Return the lines of the listing below exactly as they appear, beginning at the one with "Green Thread and Wool Bundle" and stopping after the one with "Sonic The Hedgehog 219176 …"; do not include pictures.

**Raw data**.
=== Section Start ===

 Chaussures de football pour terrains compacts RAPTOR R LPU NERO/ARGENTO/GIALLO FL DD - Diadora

=== Section End ===
=== Section Start ===

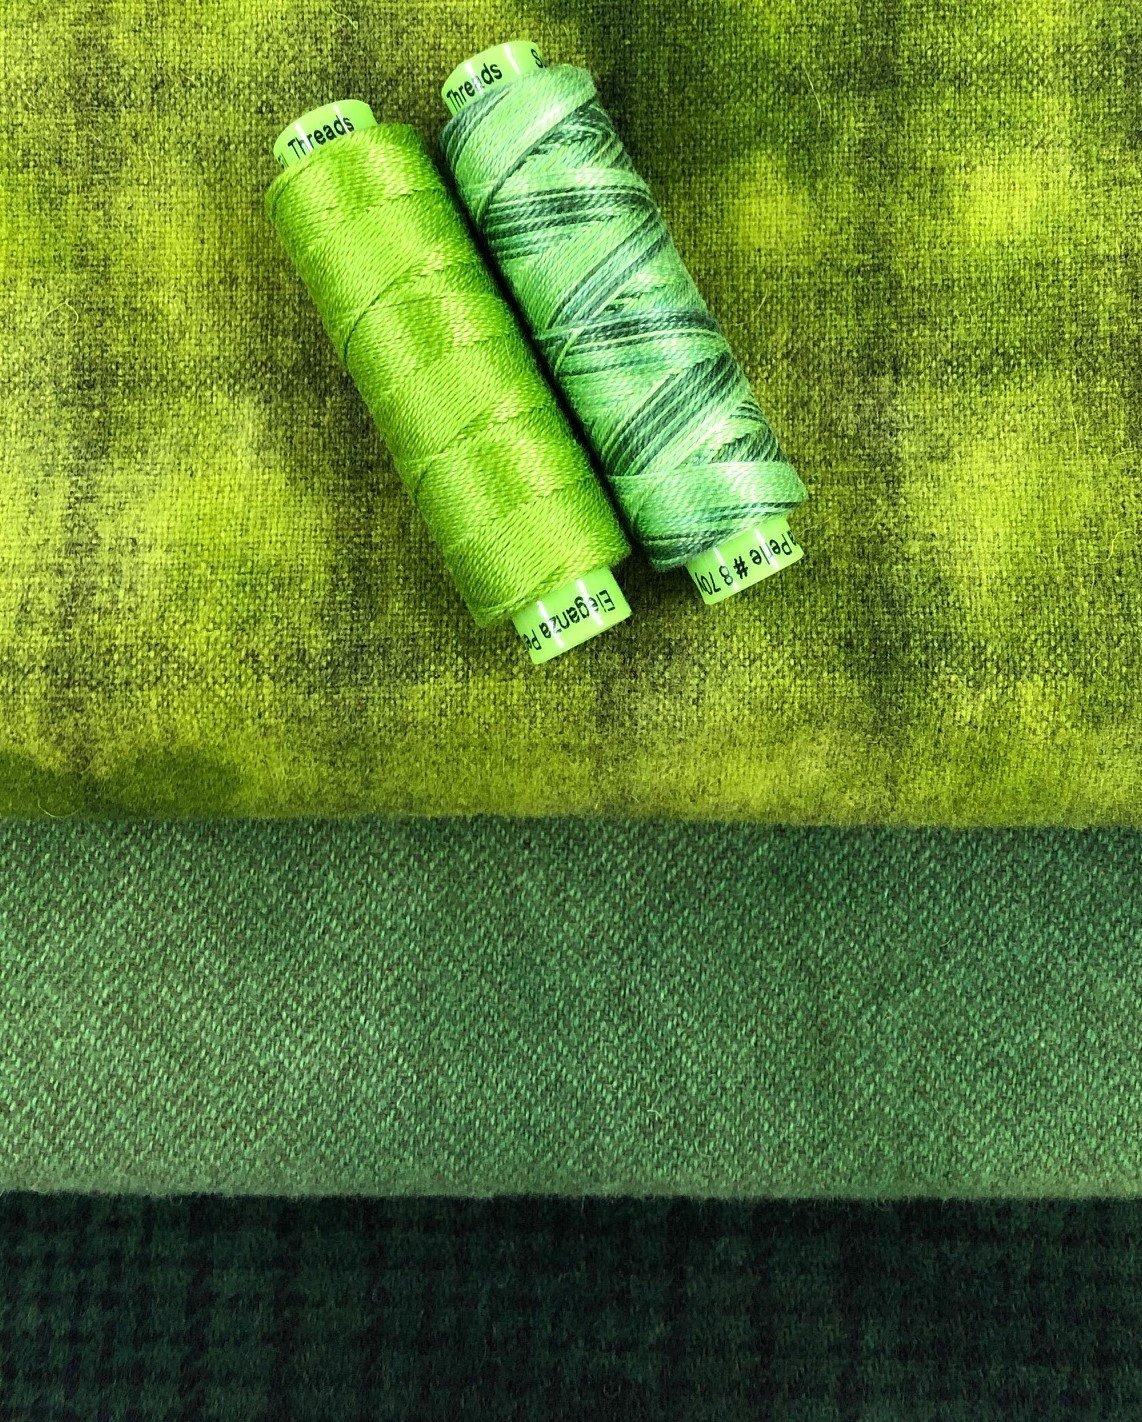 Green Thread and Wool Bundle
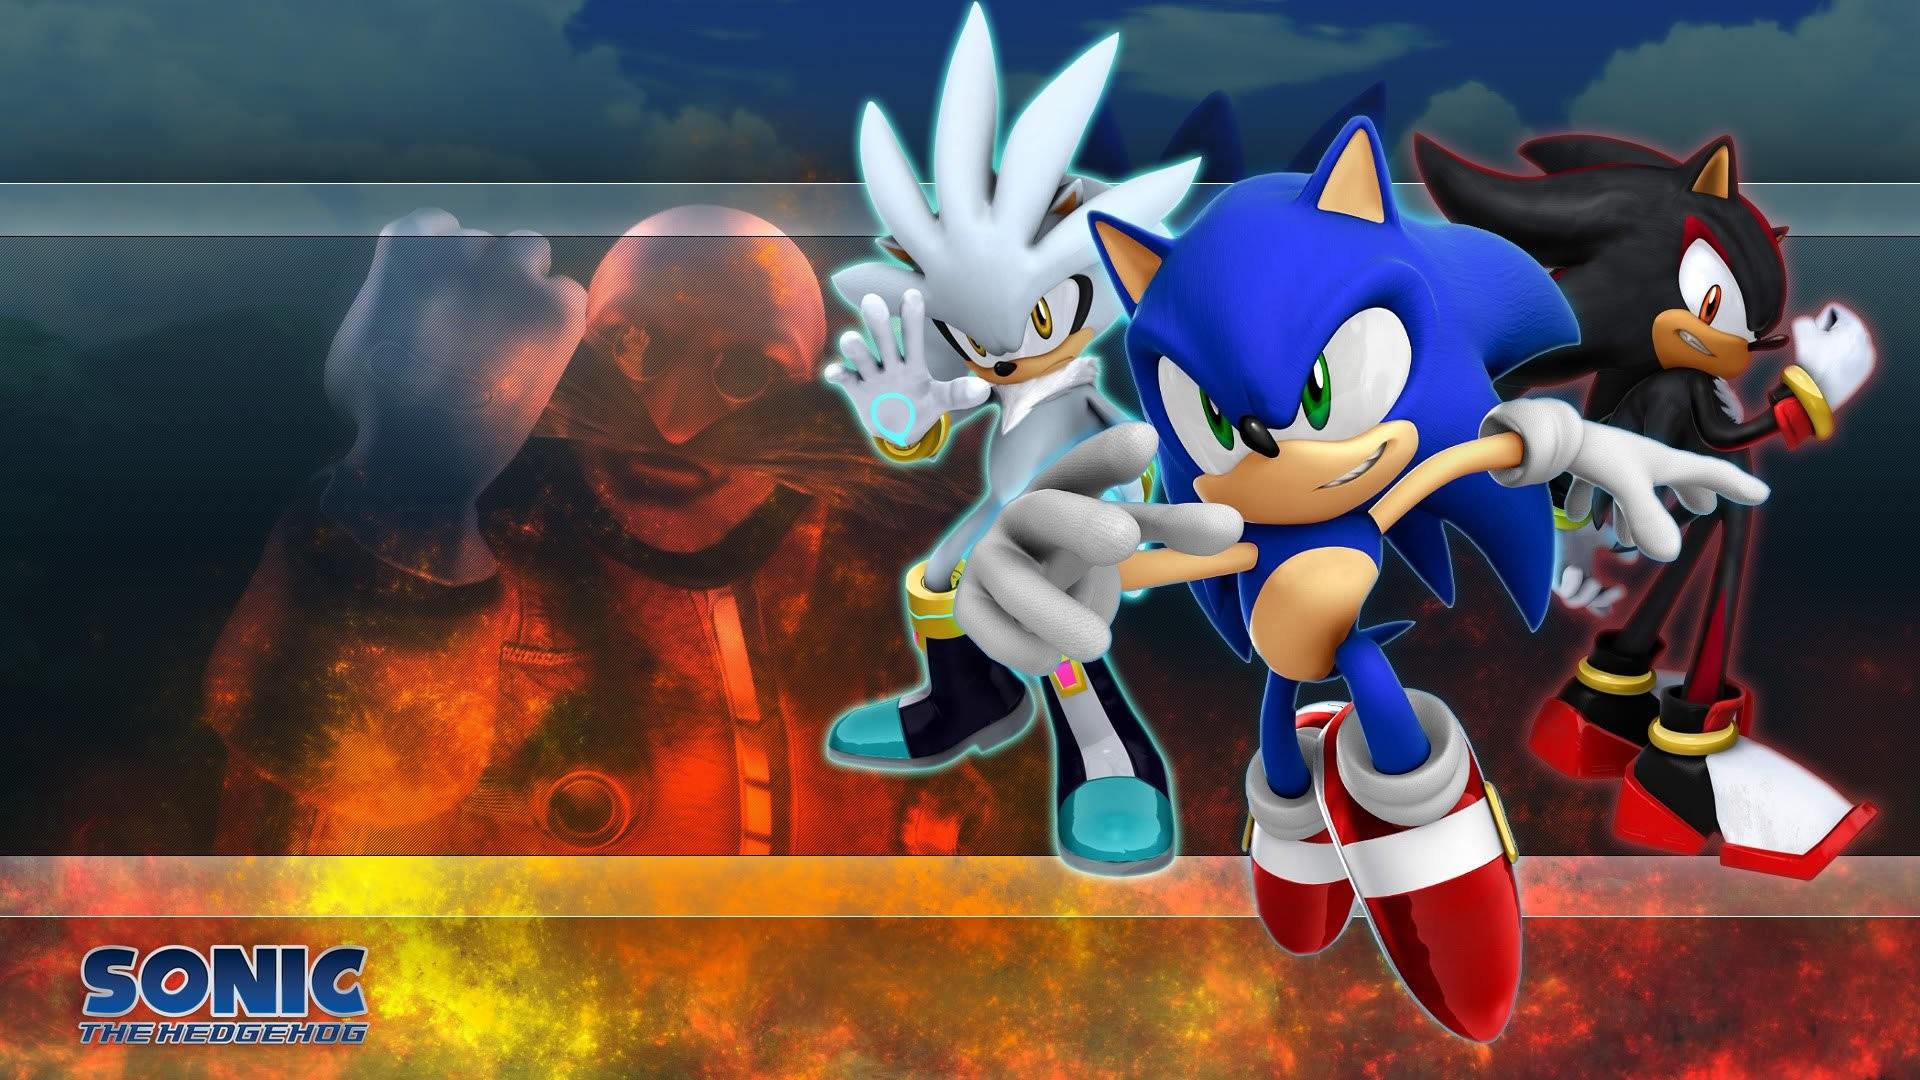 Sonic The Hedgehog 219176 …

=== Section End ===

**Answer to this exercise**.
 Green Thread and Wool Bundle
 Sonic The Hedgehog 219176 …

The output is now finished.